Premise: A Hollywood Producer decided to manufacture a super hero team and create a "reality" TV series called "______ needs Heroes!" based on their exploits.
Wow this is depressingly brilliant. Just in time for me to have suffered another PbP flakeout. *sigh*
But I think the thing that sells it the most, is if super powers were actually as common as they seem in DC and Marvel, I could totally see someone pitching this.
Real Heroes: Seattle
This is the true story... of seven strangers... picked to live in a house...work together and have their lives taped... to find out what happens... when people stop being people... and start being heroes... Real Heroes!
I can even imagine the dramatic plot twists.
[sblock=spoilers if I'm psychic]The heroes are recruited to train together to form a new superhero team that will eventually be deployed in L.A. at the end of the season. But *gasp*, during the second episode, villains (secretly hired by the network) invade the town, forcing them to work together right now!
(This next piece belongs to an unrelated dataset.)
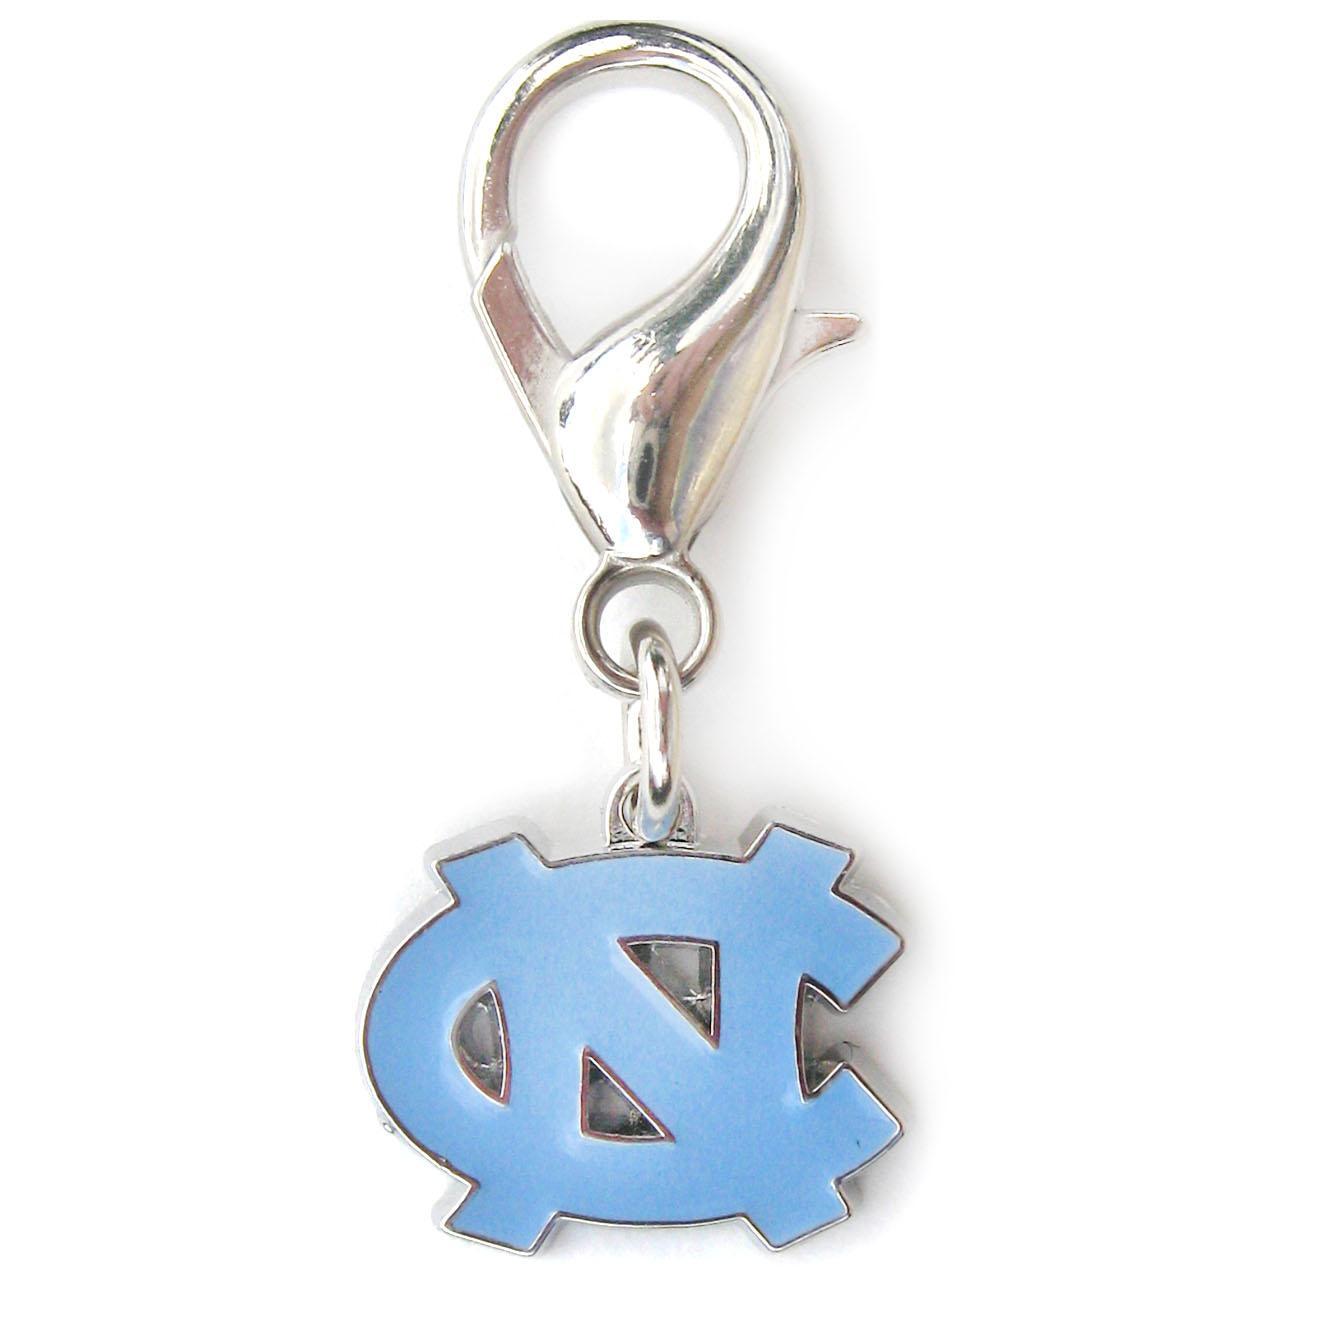 University of North Carolina Tarheels Dog Collar Charm

Then right before the mid-season break, there's a shocking revelation where one of the housemates turns out to be in league with the villains.
Then things start to go wrong. Somebody dies in one of the staged confrontations (hero or bystander), and the pretend villains-for-hire become villains-for-real, breaking out from studio control now that they're in real danger of being caught and punished for murder.
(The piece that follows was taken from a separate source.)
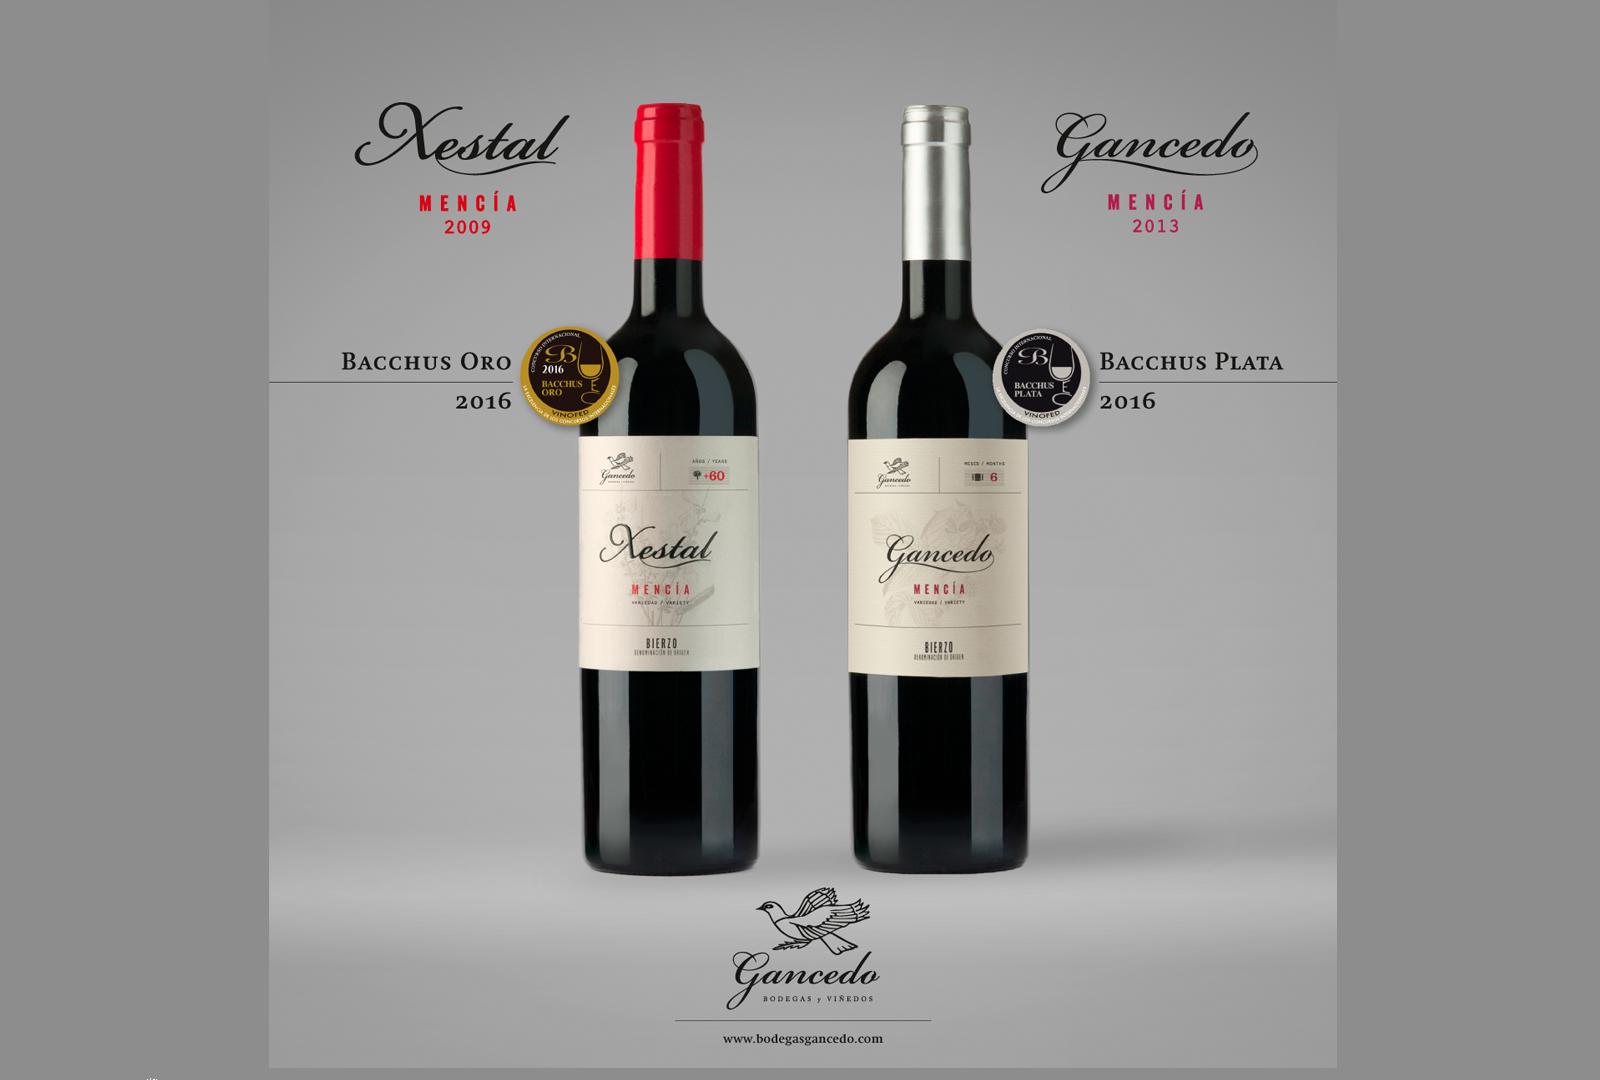 Bodegas y Viñedos Gancedo premiado en los Bacchus 2016.

Of course, the turn-coat never was a villain, he was just some poor schlub hired by the studio to be the plot twist. He tries to re-align himself with the heroes, but can't break free from the villains without placing himself in danger.
Over the season, the team bonds, works out their issues, and eventually captures the villain team. Only to discover. . . .
The turn-coat was the Evil Mastermind all along, playing the network, heroes and villains against each other in a convoluted, diabolical plot that has now reached it's fruition!!!!
Season Finale.[/sblock]
"Hey! Who ate my cheezy-puffs?"
"I don't know, probably Agent Orange. Hides the evidence you know?"
"Hey, don't be hating on me for the color of my skin!"
"Orange is not a race, you're a freak. Don't go all NAAOP on me!"
"Dammit, Michael, move your head. I can't see the TV!"
"Hey! Don't yell at me, I'm the Ten-Foot Pole, it's my job to be tall."
"Well go be tall elsewhere. Why aren't you at your girlfriend's house, anyways?"
". . . we broke up."
"Oh, Michael. I'm sorry, what happened?"
"It turns out she wasn't just a mild mannered coffee girl. She was actually my nemesis The Barista Bandita."